Quelle soit jeune ou non, toute personne recherche un travail avec du sens, comme nous y fait réfléchir la pyramide des besoins de Maslow.
Mais nous faisons aussi face à une problématique sociétale liée au changement de rapport d’assujettissement au travail. Il semble que la jeune génération soit moins encline à être dans la valeur effort contrairement aux générations précédentes, dont nous les parents de ces jeunes.
Face à cette exigence, l’enjeu principal pour le manager est de ne pas répondre par « oui ou non » ou de rentrer dans le combat « jeune contre vieux », de qui est détenteur de la vérité. L’enjeu pour le manager est d’éviter d’installer un rapport de pouvoir et de questionner ce qui sous-tend cette exigence et le progrès qu’elle pourrait apporter. C’est-à-dire « qu’est-ce qu’attend ce jeune ?», « en quoi ces attentes pourraient apporter de la valeur au collectif, pourraient contribuer au progrès pour l’ensemble de l’équipe ou pour le poste ? ».
Être exigeant pour être exigeant, n’est pas une approche créatrice de valeur et constructive. S’il y a effectivement exigence, c’est qu’il y a surement un besoin sous-jacent caché derrière cette exigence, besoin qui pris en compte pourrait apporter de la valeur.
L’exigence est légitime qu’on soit jeune ou moins jeune, mais les jeunes l’expriment plus et pas toujours adroitement. Comment en tant que manager ne pas être désarçonné ?
Les jeunes générations osent dire tout haut ce que l’ensemble des salariés pensent tout bas.
Les jeunes ont moins « peur » de la réaction de l’autre, de perdre leur travail, d’être dans l’incertitude.

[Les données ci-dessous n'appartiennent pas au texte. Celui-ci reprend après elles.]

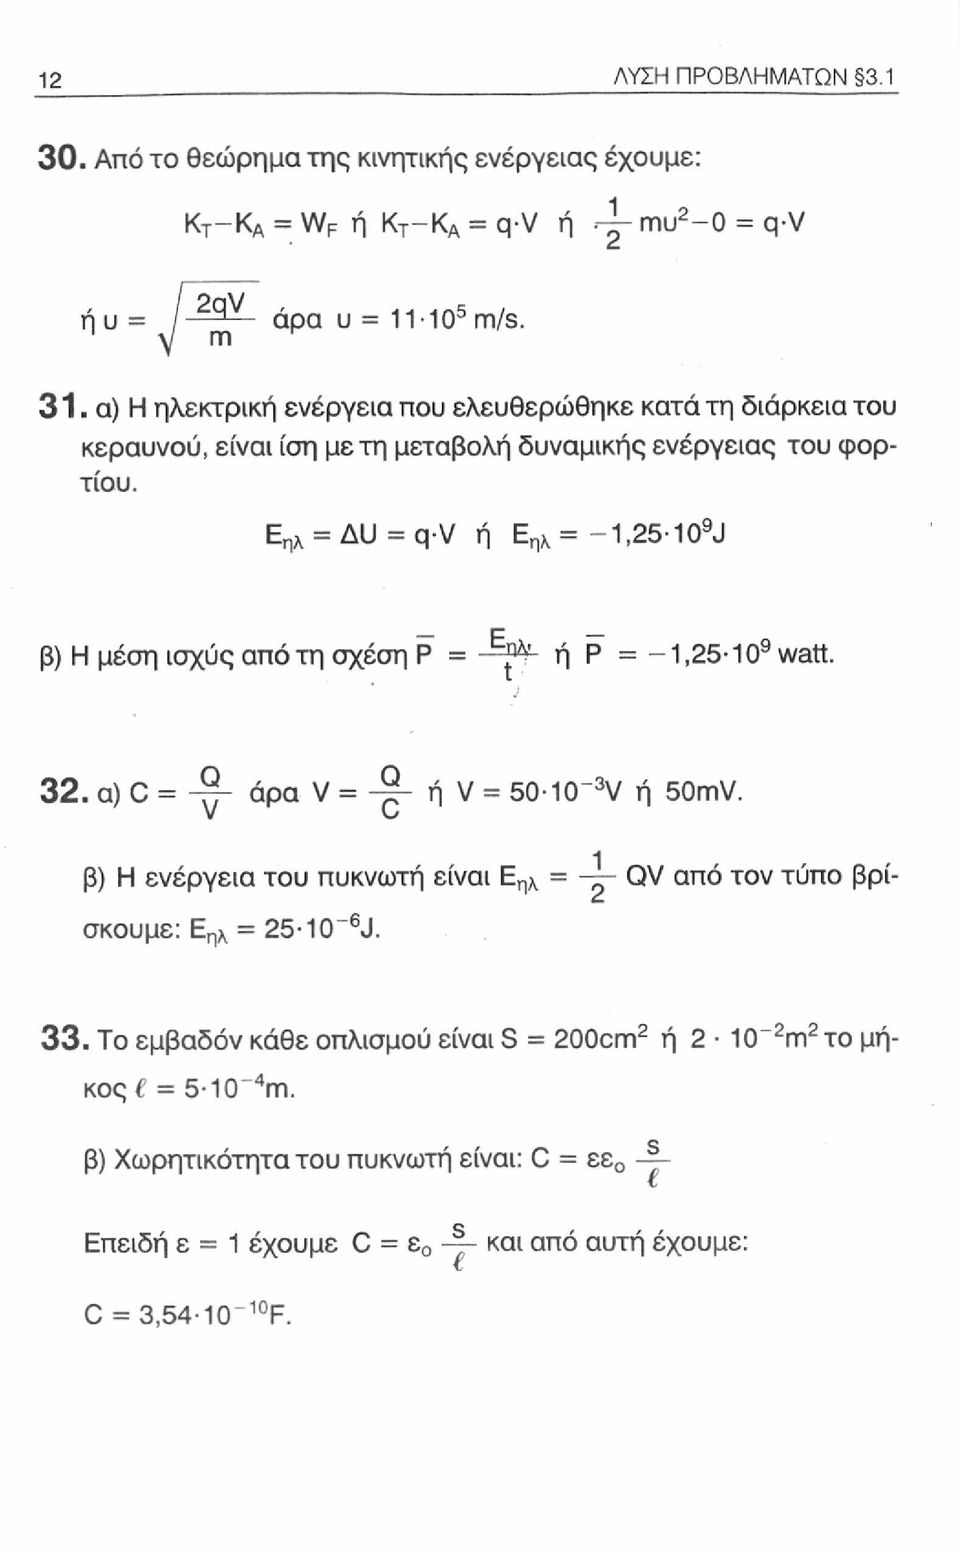 Ε ηλ = ΔΙΙ = q-v ή Ε ηλ = -1,25-10 9 J β) Η μέση ισχύς από τη σχέση Ρ = ή Ρ = -1,25-10 9 watt. 32. α) C = -γ- άρα V = ή V = 50-10~ 3 V ή 50mV.

Au regard de ce qu’il s’est passé dans le monde depuis les années 2000, les jeunes sont habitués depuis leur naissance aux changements, à évoluer dans des systèmes complexes. Globalement, la génération des X ou des baby-boomers était peut-être plus installée, moins à oser, elle restait plus dans un cadre.

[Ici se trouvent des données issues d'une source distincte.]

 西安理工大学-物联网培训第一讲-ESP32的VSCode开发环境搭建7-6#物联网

Les jeunes générations cassent les codes et cela peut surprendre. D’autant plus que pour la majorité d’entre nous, nous côtoyons ces jeunes à la maison. Ce sont nos enfants, petits-enfants, ou nos frères et nos sœurs. Donc il y peut y avoir un choc à les retrouver dans le monde de l’entreprise. Il est important de ne pas tout confusionner et de se rappeler que l’on est dans le cadre de l’entreprise, avec un rapport contractuel et une attente de résultat et de performance collective pour apporter de la valeur.

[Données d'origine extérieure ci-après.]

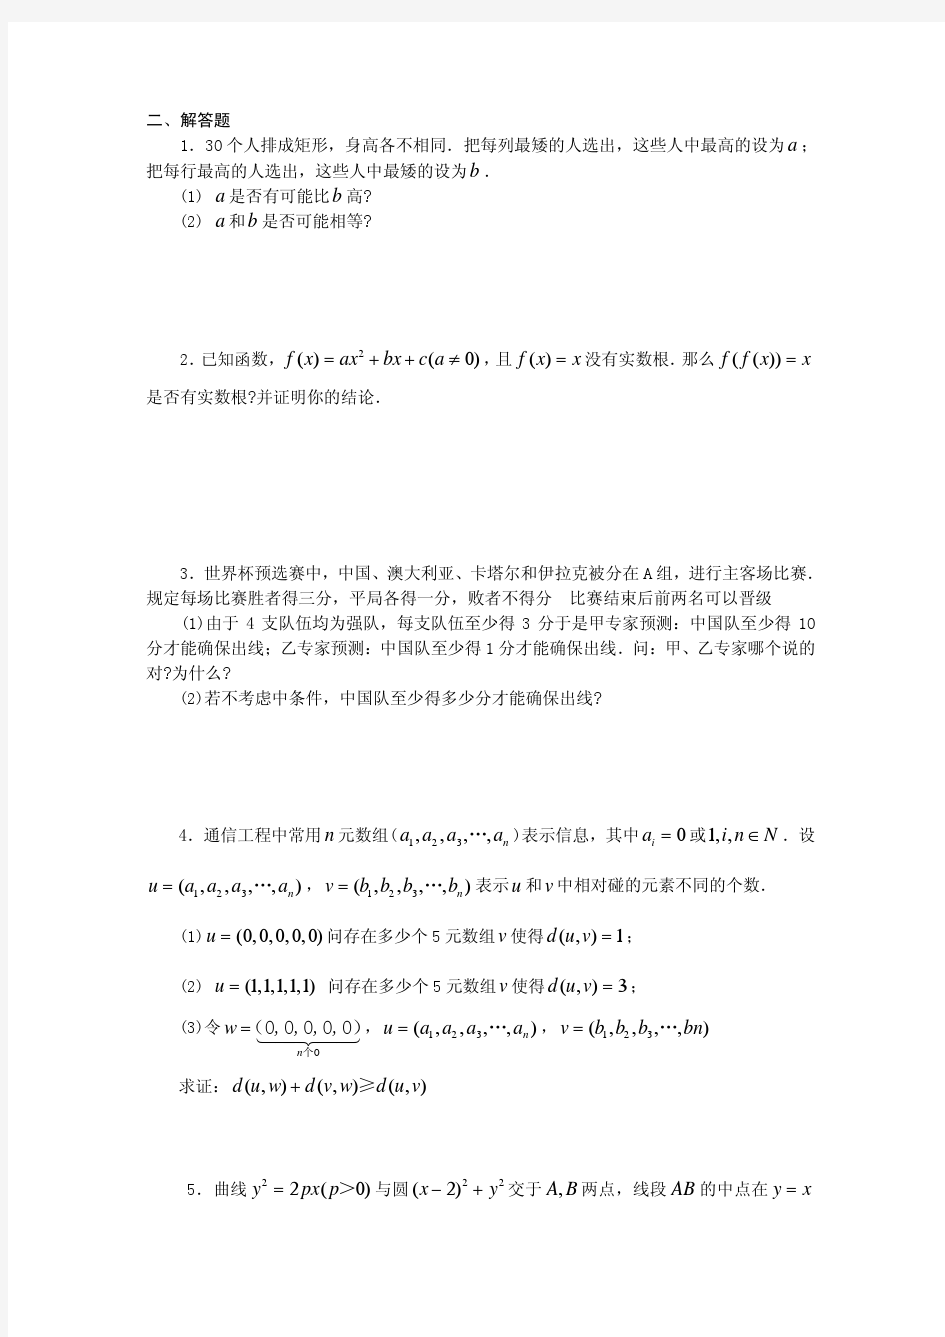 2008年上海交通大学自主招生选拔测试试卷(数学篇)

Donc en tant que manager, lorsque je perçois cette exigence, il est important de prendre du recul pour être dans une position d’ouverture, afin de ne pas m’agacer et me braquer du fait que le jeune vient « titiller dans les coins faibles », comme par exemple « faire ce que je rêve de faire depuis toujours et que je n’ai jamais osé faire ».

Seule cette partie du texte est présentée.